Quote the whole listing word for word. Do not include the pictures.

■ DATASET CONTENT:
------------------------------------------------------------------------
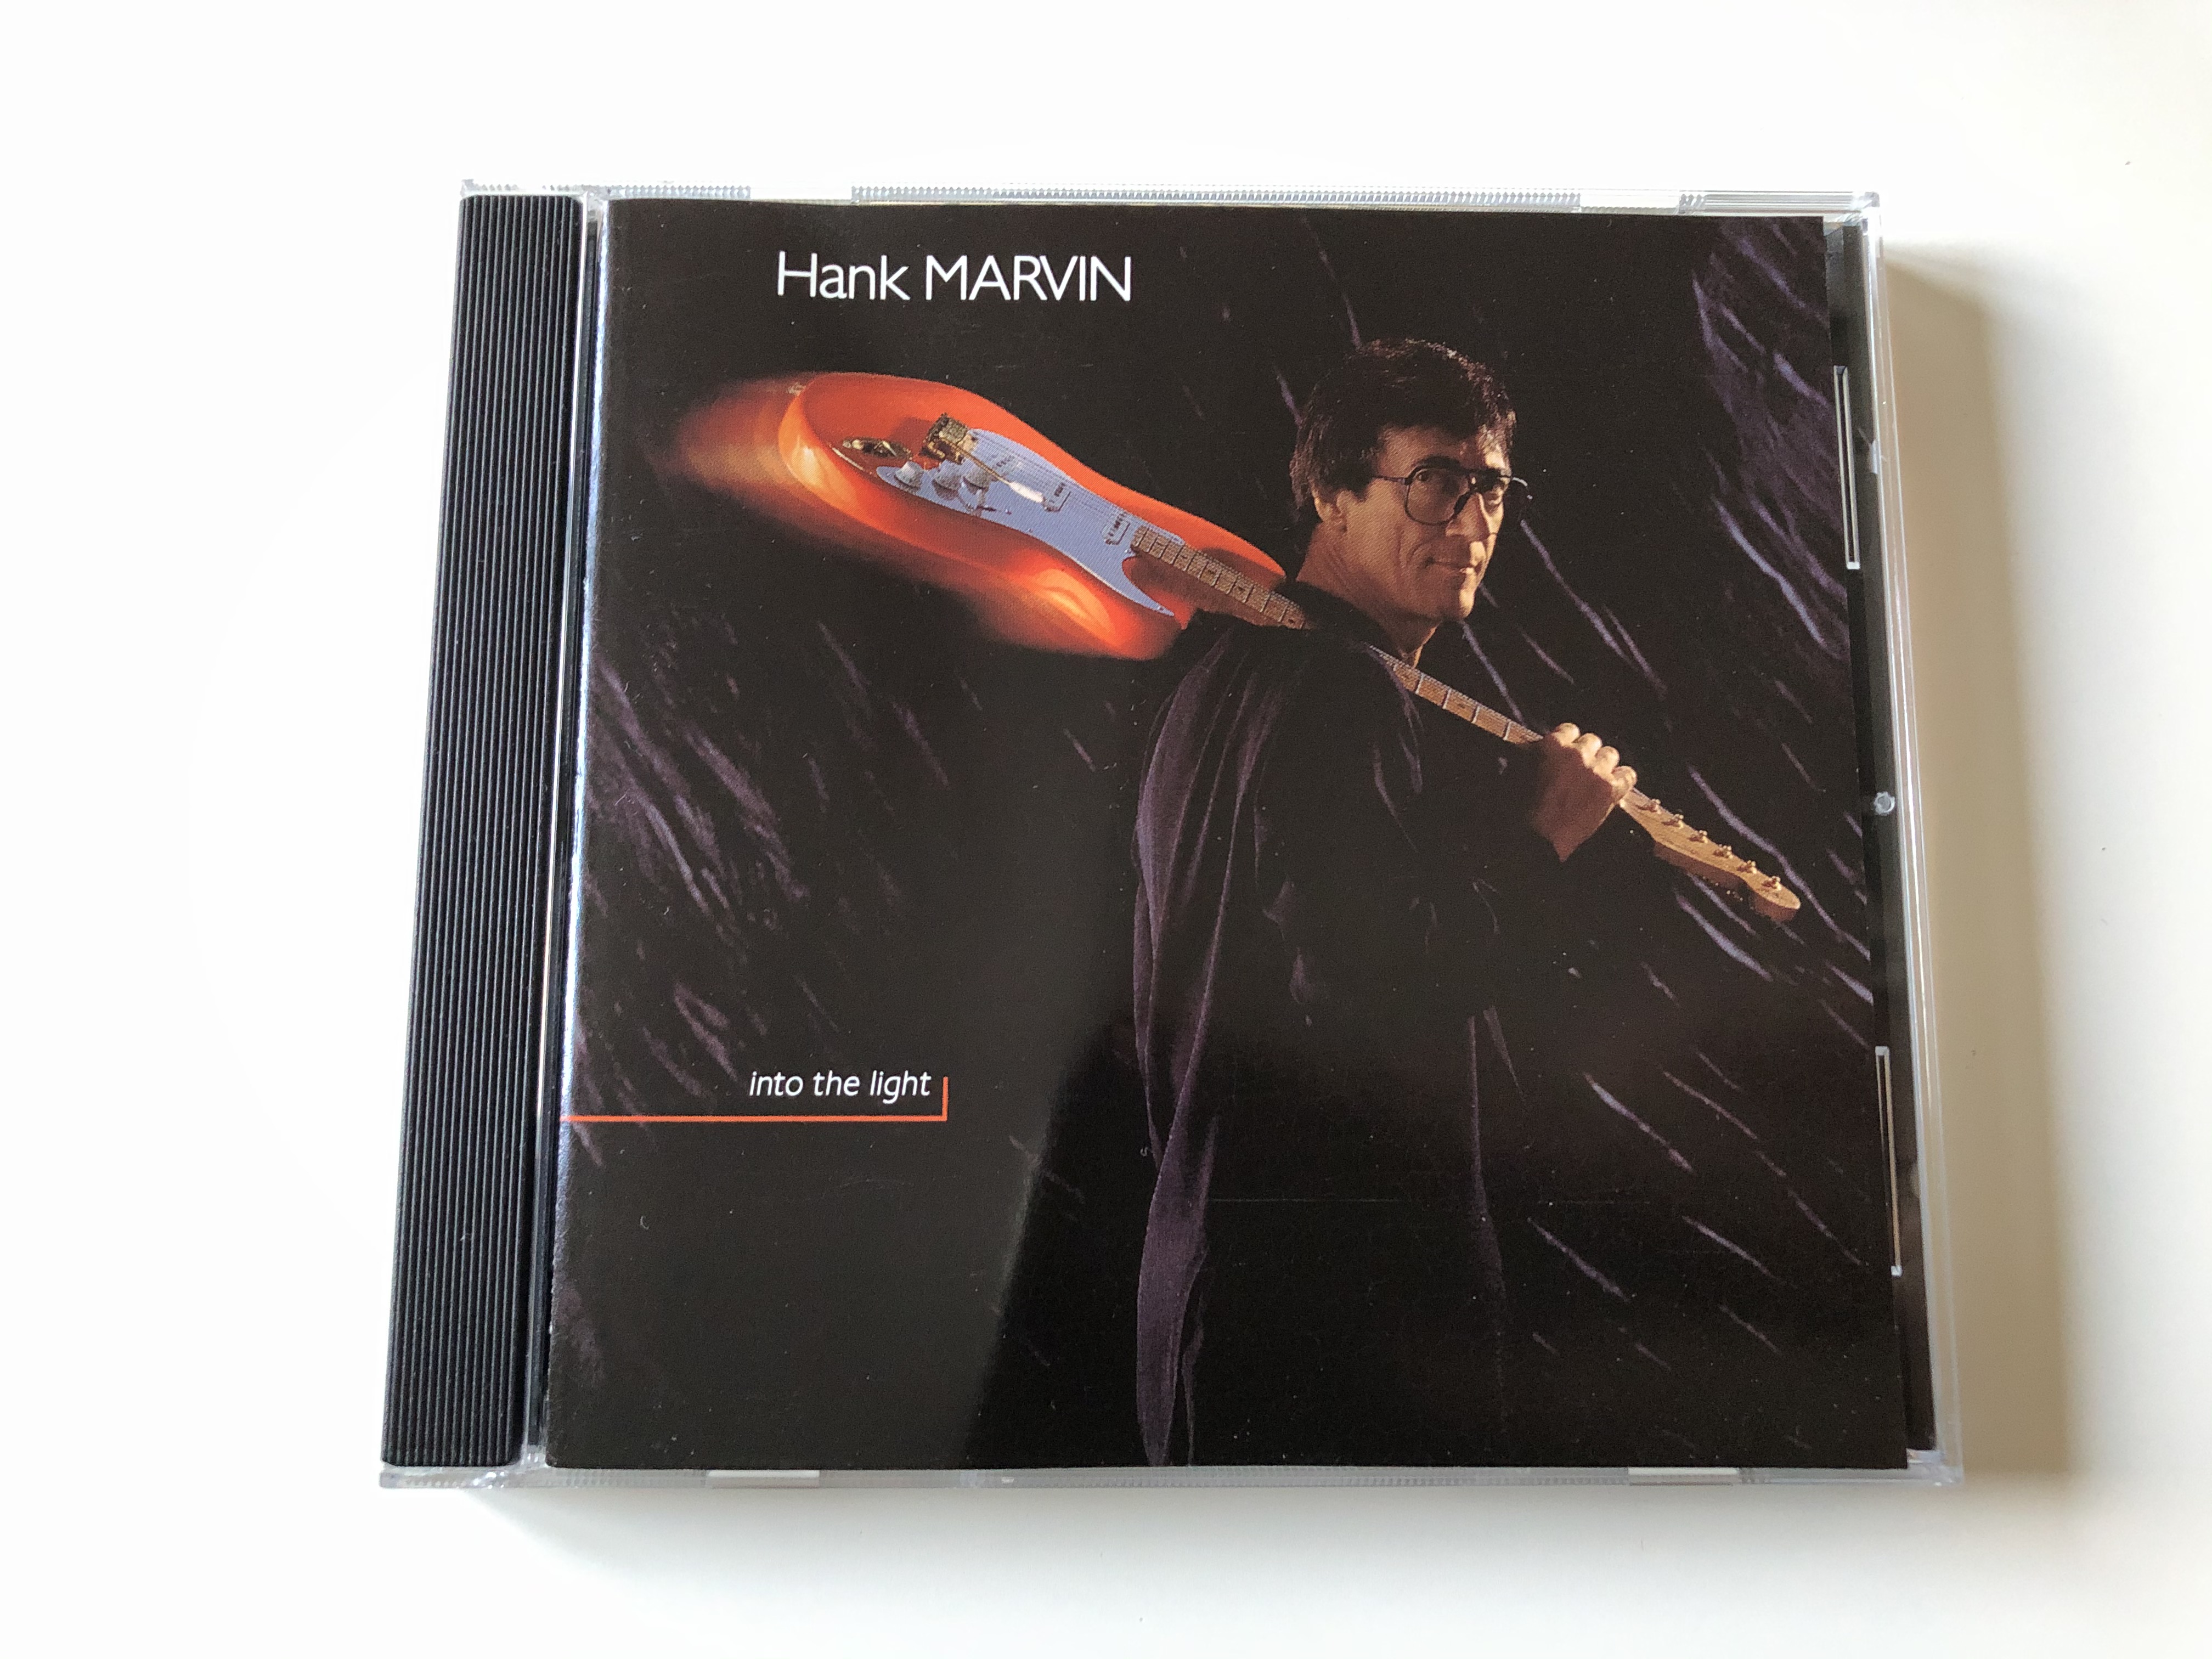 hank-marvin-into-the-light-polygram-tv-audio-cd-1992-517-148-2-1-.jpg
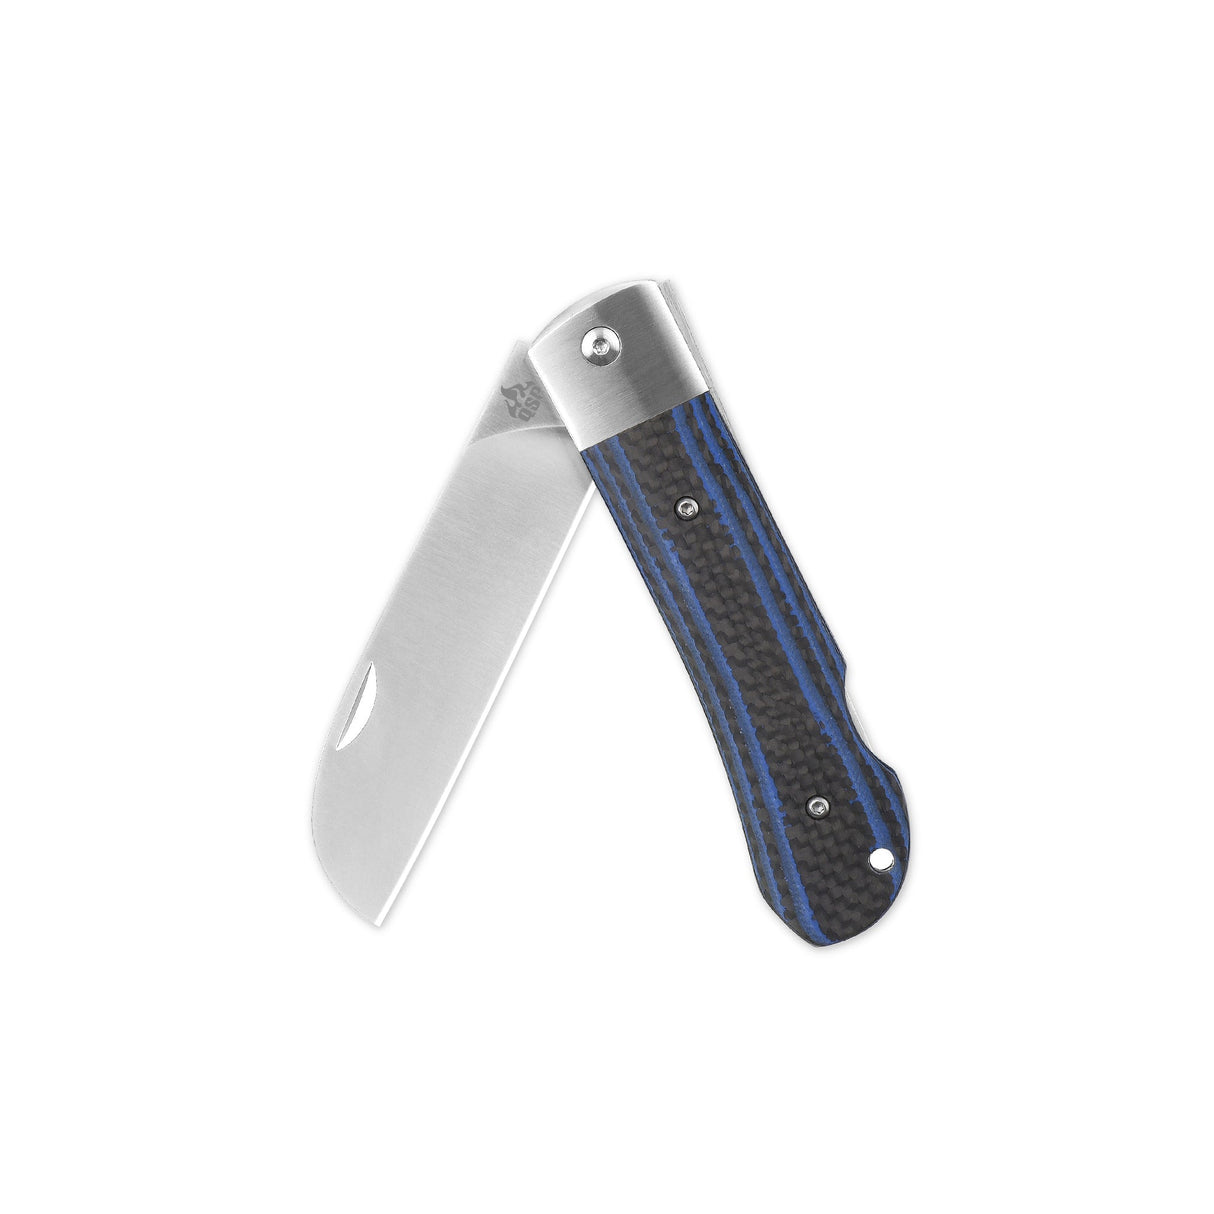 QSP Worker Lock Back Pocket Knife Böhler N690 Blade CF and Blue G10 Handle
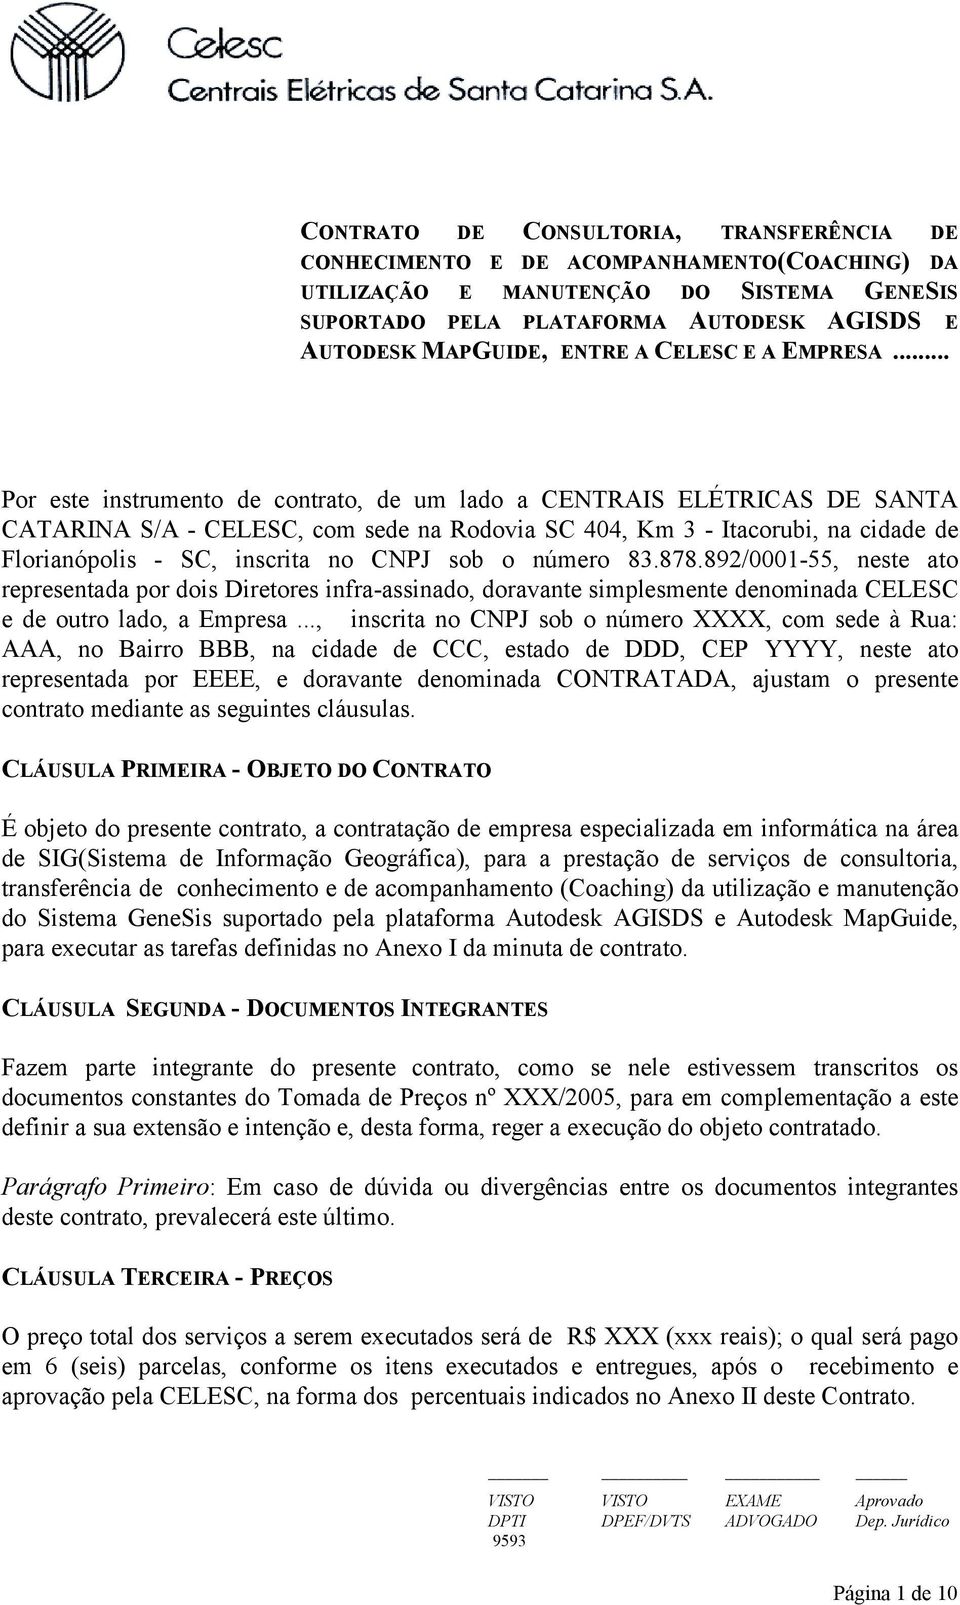 .. Por este instrumento de contrato, de um lado a CENTRAIS ELÉTRICAS DE SANTA CATARINA S/A - CELESC, com sede na Rodovia SC 404, Km 3 - Itacorubi, na cidade de Florianópolis - SC, inscrita no CNPJ
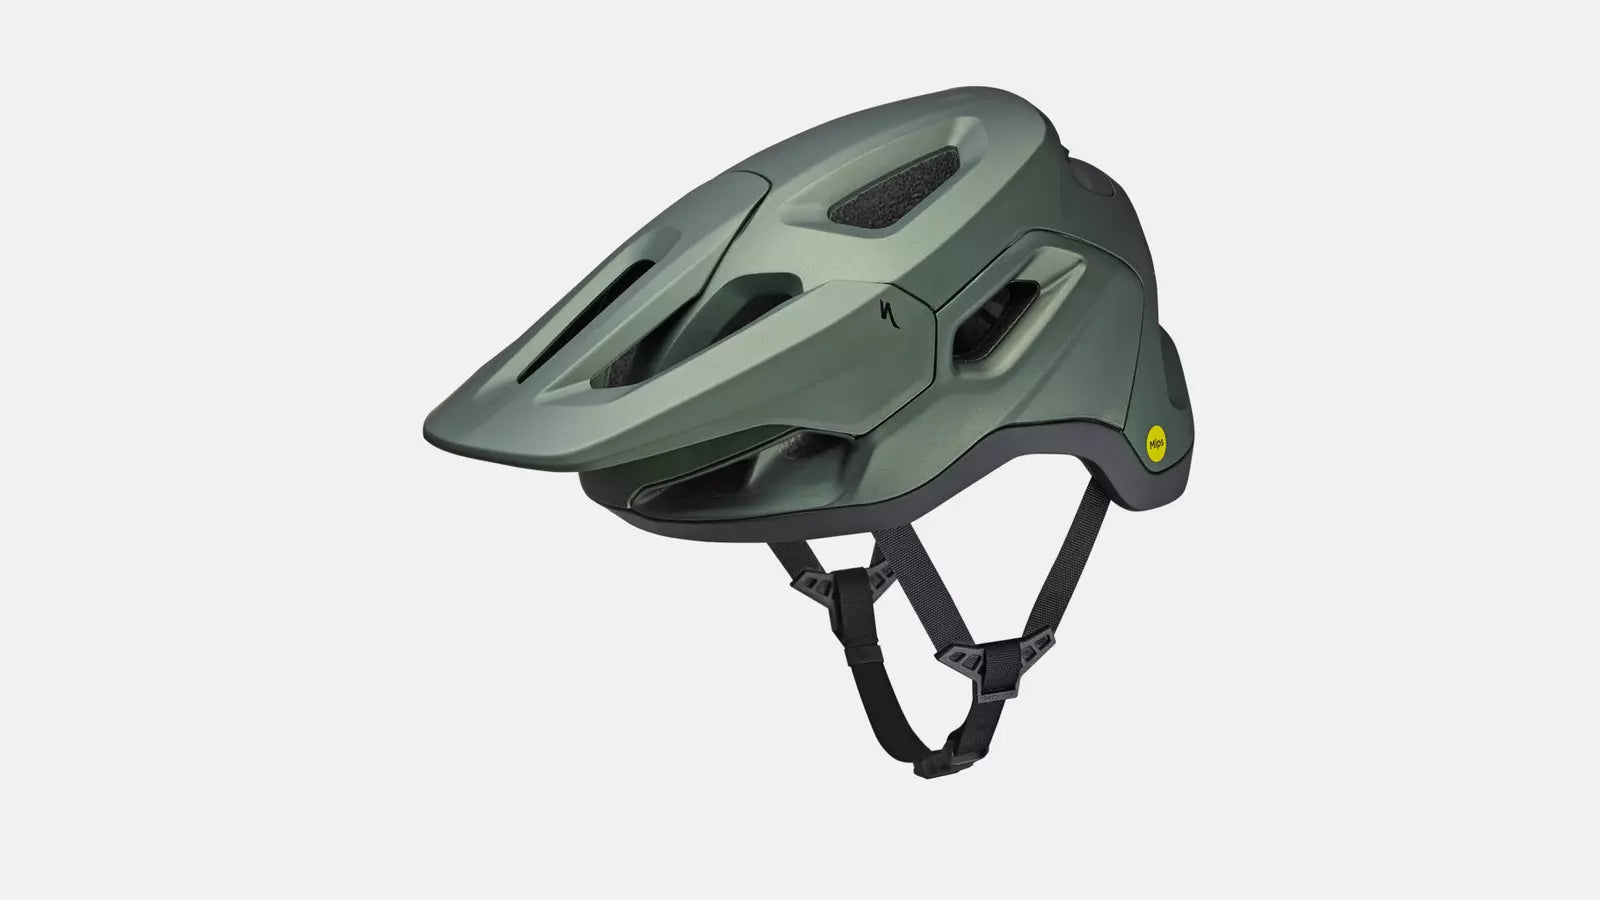 Matte Dark Green Tactic Mips Specialized Bike Helmet with visor
------------------------------------------------------------------------
■ OUTPUT OF THE EXERCISE:
 hank-marvin-into-the-light-polygram-tv-audio-cd-1992-517-148-2-1-.jpg
 QSP Worker Lock Back Pocket Knife Böhler N690 Blade CF and Blue G10 Handle
 .. Por este instrumento de contrato, de um lado a CENTRAIS ELÉTRICAS DE SANTA CATARINA S/A - CELESC, com sede na Rodovia SC 404, Km 3 - Itacorubi, na cidade de Florianópolis - SC, inscrita no CNPJ
 Matte Dark Green Tactic Mips Specialized Bike Helmet with visor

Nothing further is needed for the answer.